The starters, class discussions, and blog postings have all been very connected for me. That seems like a very obvious thing to say (of course the starter topics set the tone for the class, and of course these thoughts are still at least somewhere in our minds as we’re writing the blogs), yet the way in which these three media start with something quite personal, move to a public discussion, then return to a more private, small-group setting really helps to process these ideas fully. In terms of the starters and blogs, there’s been a cycle throughout the term. We began the term writing on a very personal level about a time when we found ourselves in a dark wood, then moved into more theological/philosophical writing (in this group anyway), and now we’ve recently returned to the personal when talking and writing about our views of heaven.

This cycle of personal views and larger, more abstract ideas interestingly corresponds to the evolution of this group’s rapport. We began on friendly, if rather formal, terms, then became a bit frustrated with each other, and now we’re back on friendly ground with a good sense of familiarity and camaraderie. I don’t think these two cycles are coincidental. Not only do we naturally become more personal as friendships develop and get less so as they diminish, but also the movement of the Comedy has influenced all of us to react this way. Most of us have had an idea of or opinion about heaven and hell for the majority of our lives, so we are more comfortable articulating that. The workings of purgatory, however, are less familiar to many students and so we began discussing the big picture of it all in order to better process the idea.

I really enjoyed this process of immediate reaction thoughts, then class discussion, then more reflective writing. It’s enabled me to interrogate my long-held beliefs and compare them to other, sometimes similar and at times very different, views. The best thing about it all is that these religious and world views are often things we as students don’t discuss in such a large setting and for such an extended amount of time (probably because some ideas are contentious and there’s a fear of offending). It’s been refreshing to not only hear these views, but read the free-written thoughts and reflective blogs.

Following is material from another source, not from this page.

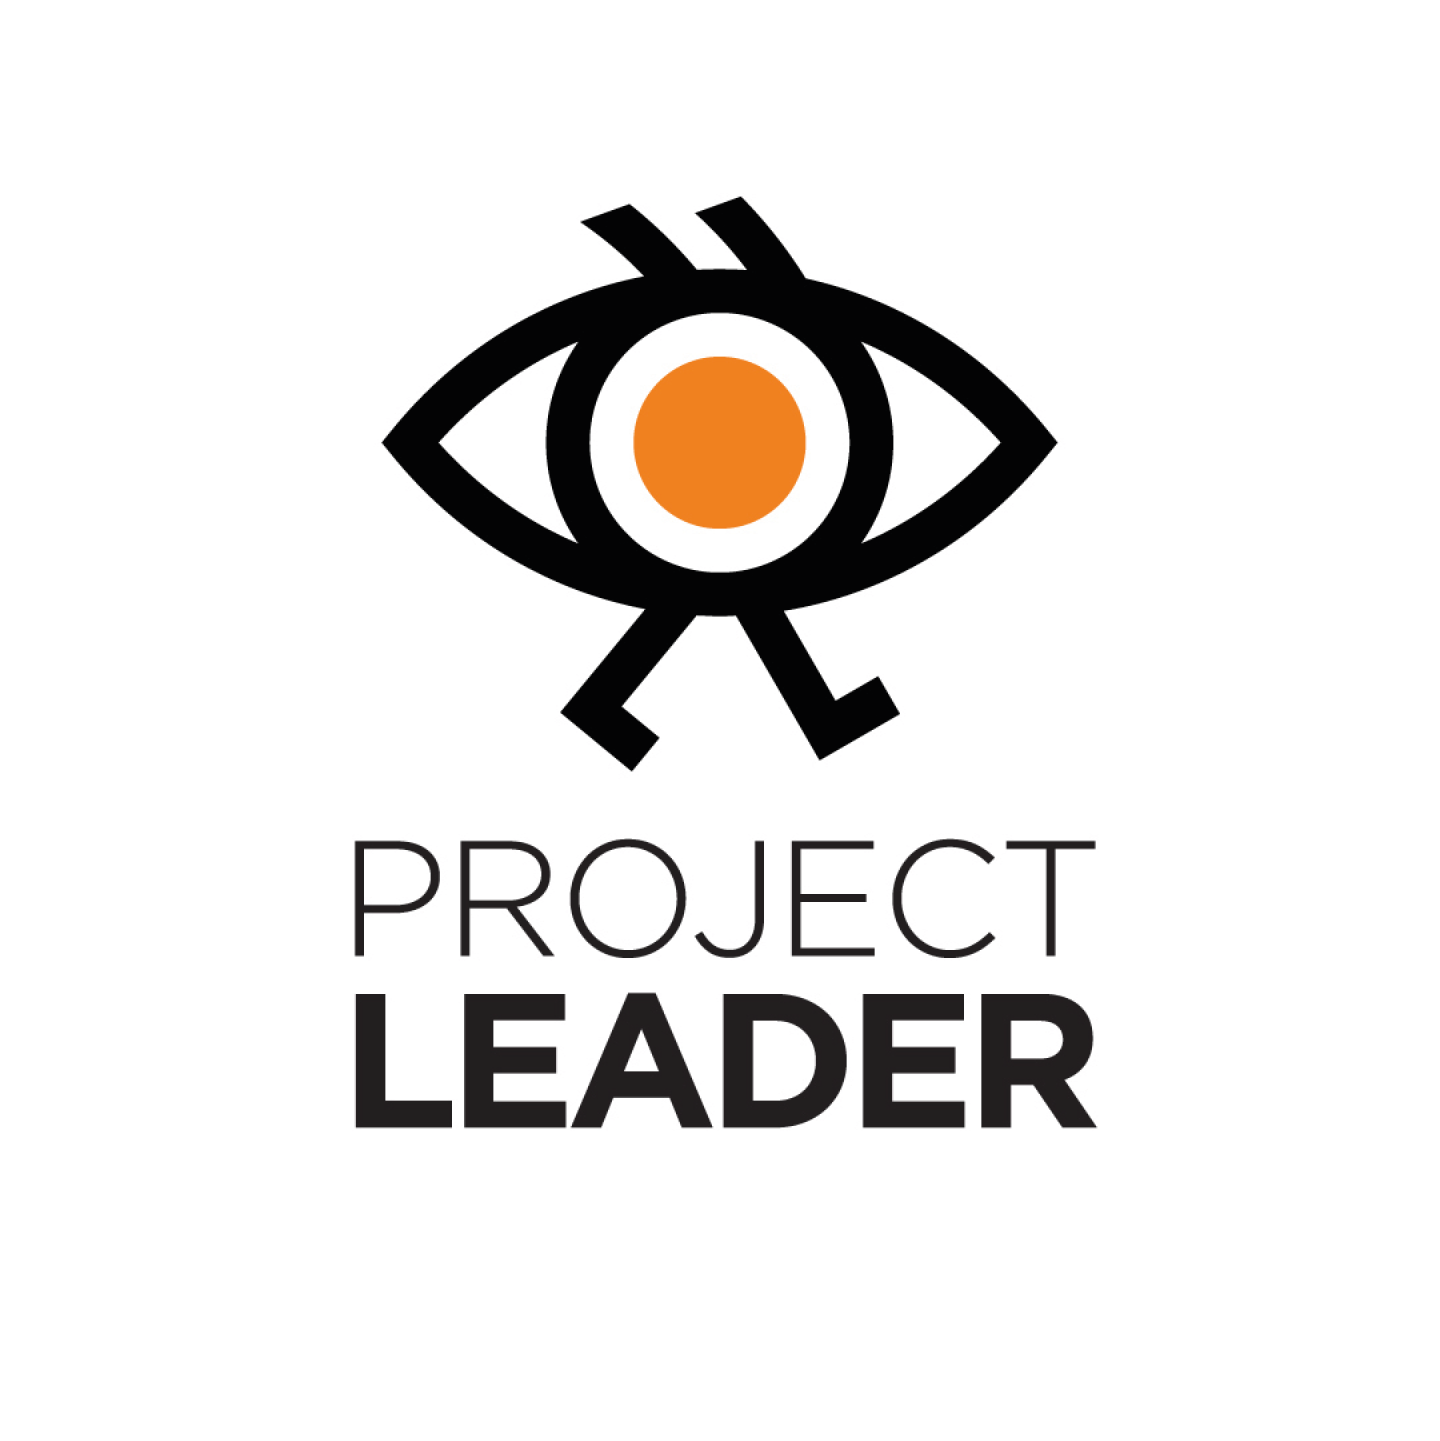 We are looking for NEW PROJECT LEADER

My blogs have usually run right along with the subjects of the starters, but they have diverged at times as well. Sometimes this divergence has been to follow an idea presented by another group member, and other times it has been because I really made a connection between Dante’s writing and pop culture, like when I wrote about A River Runs Through It. Overall, I have taken the subjects of the starters and expanded my initial thoughts by looking through the text, listening to the class discussion, and reading my group members’ posts.